▸ **Exercise brief**
Only an exact repetition of the lines from the one holding "El Capitan in Yosemite Vintage Poster" to the end of the data is wanted, with pictures left out.

▸ **Recorded information**
=====

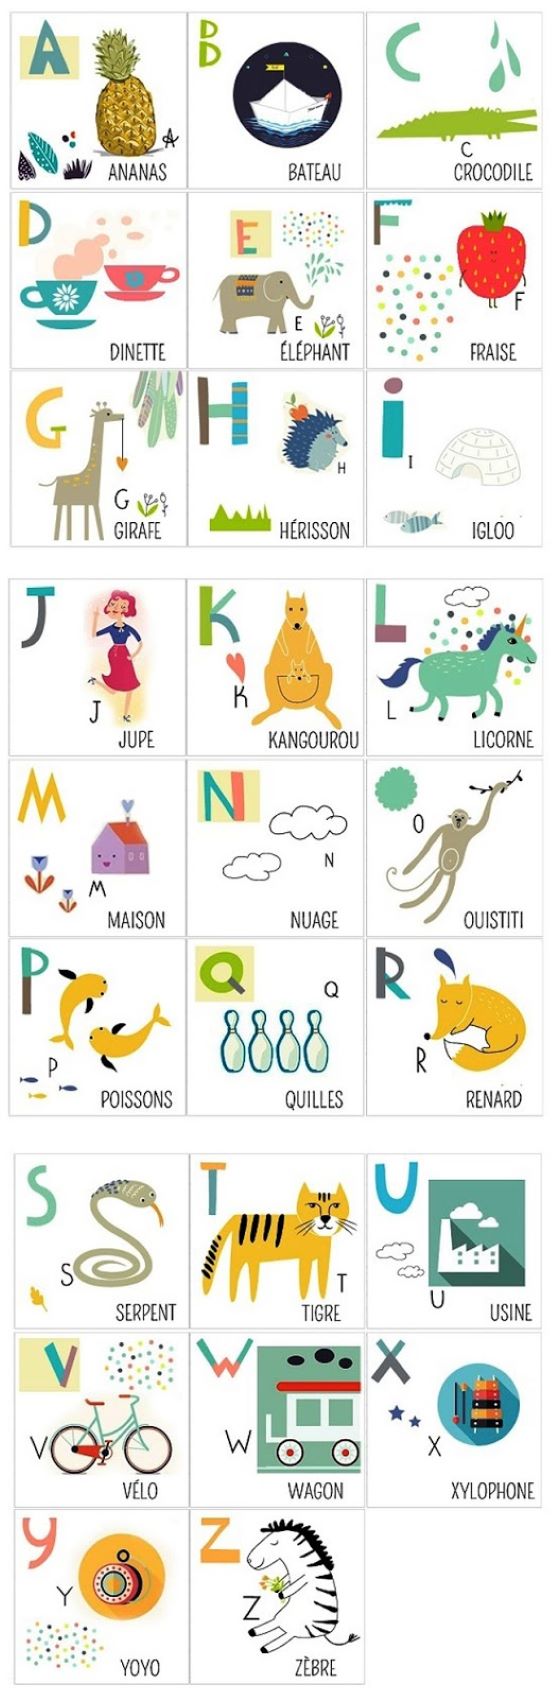 Le français en images pour les débutants: L'alphabet et les
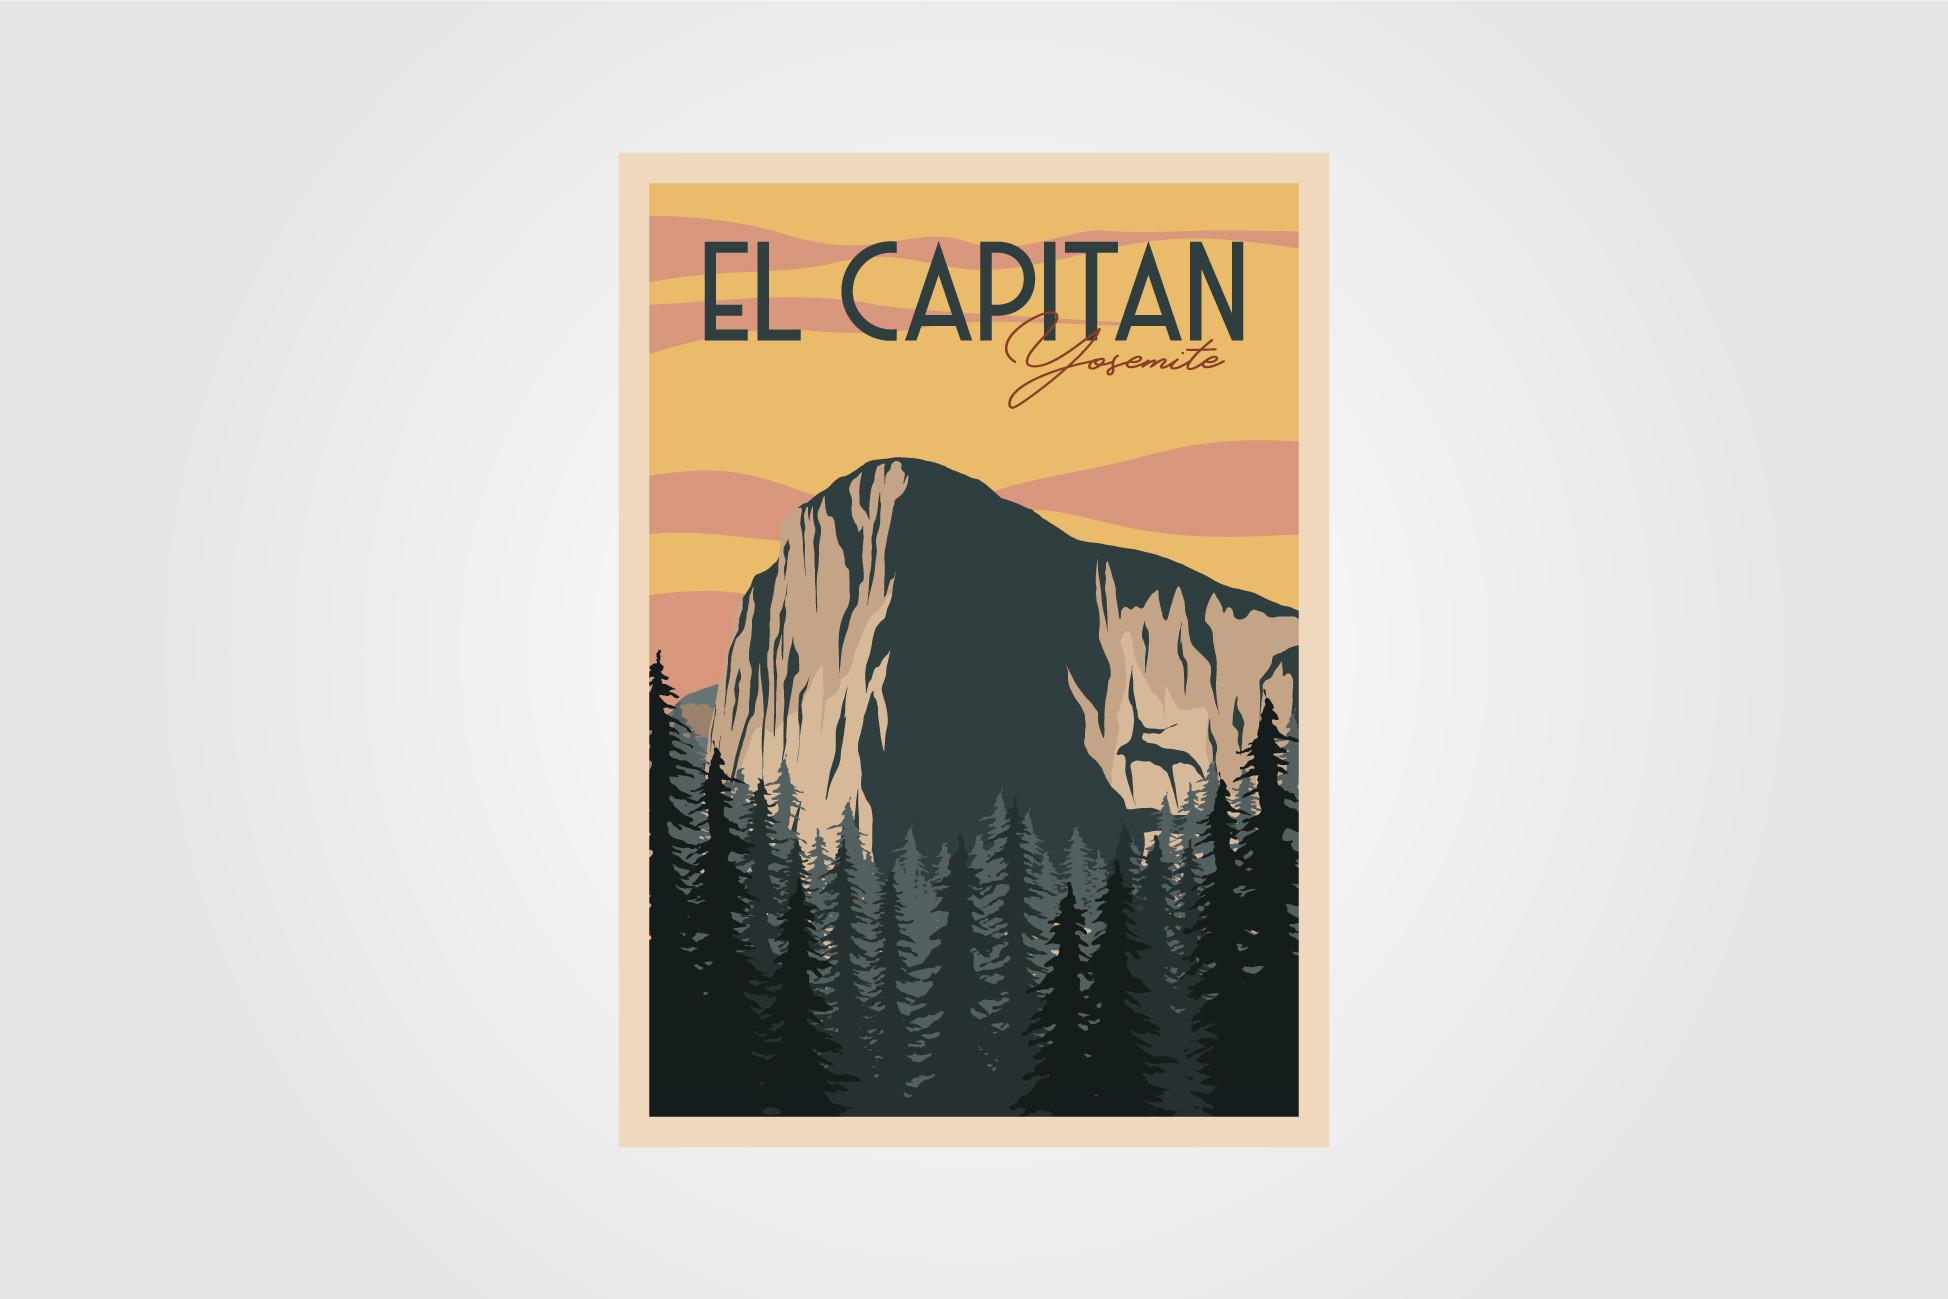 El Capitan in Yosemite Vintage Poster
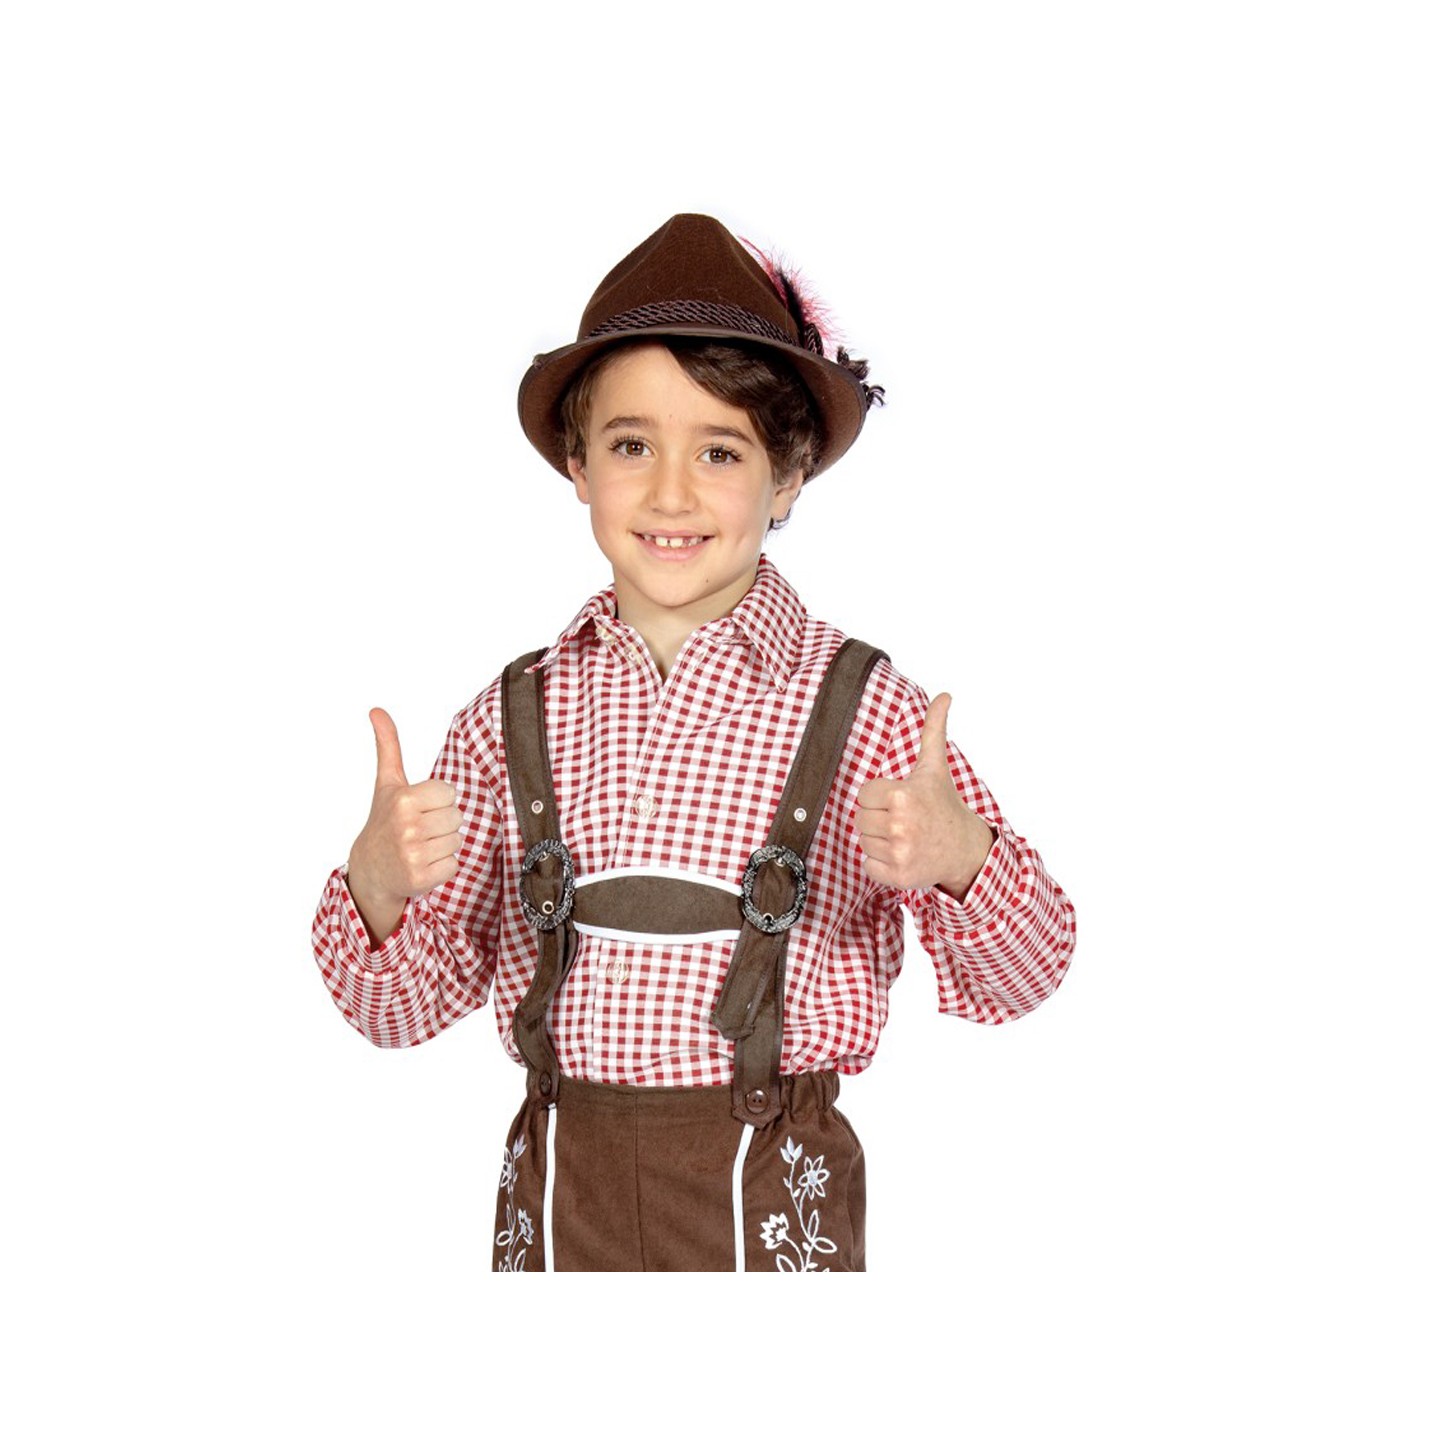 Tiroler hemd kind bordeaux geruit oktoberfest kleding

=====

▸ **Output below**
 El Capitan in Yosemite Vintage Poster
 Tiroler hemd kind bordeaux geruit oktoberfest kleding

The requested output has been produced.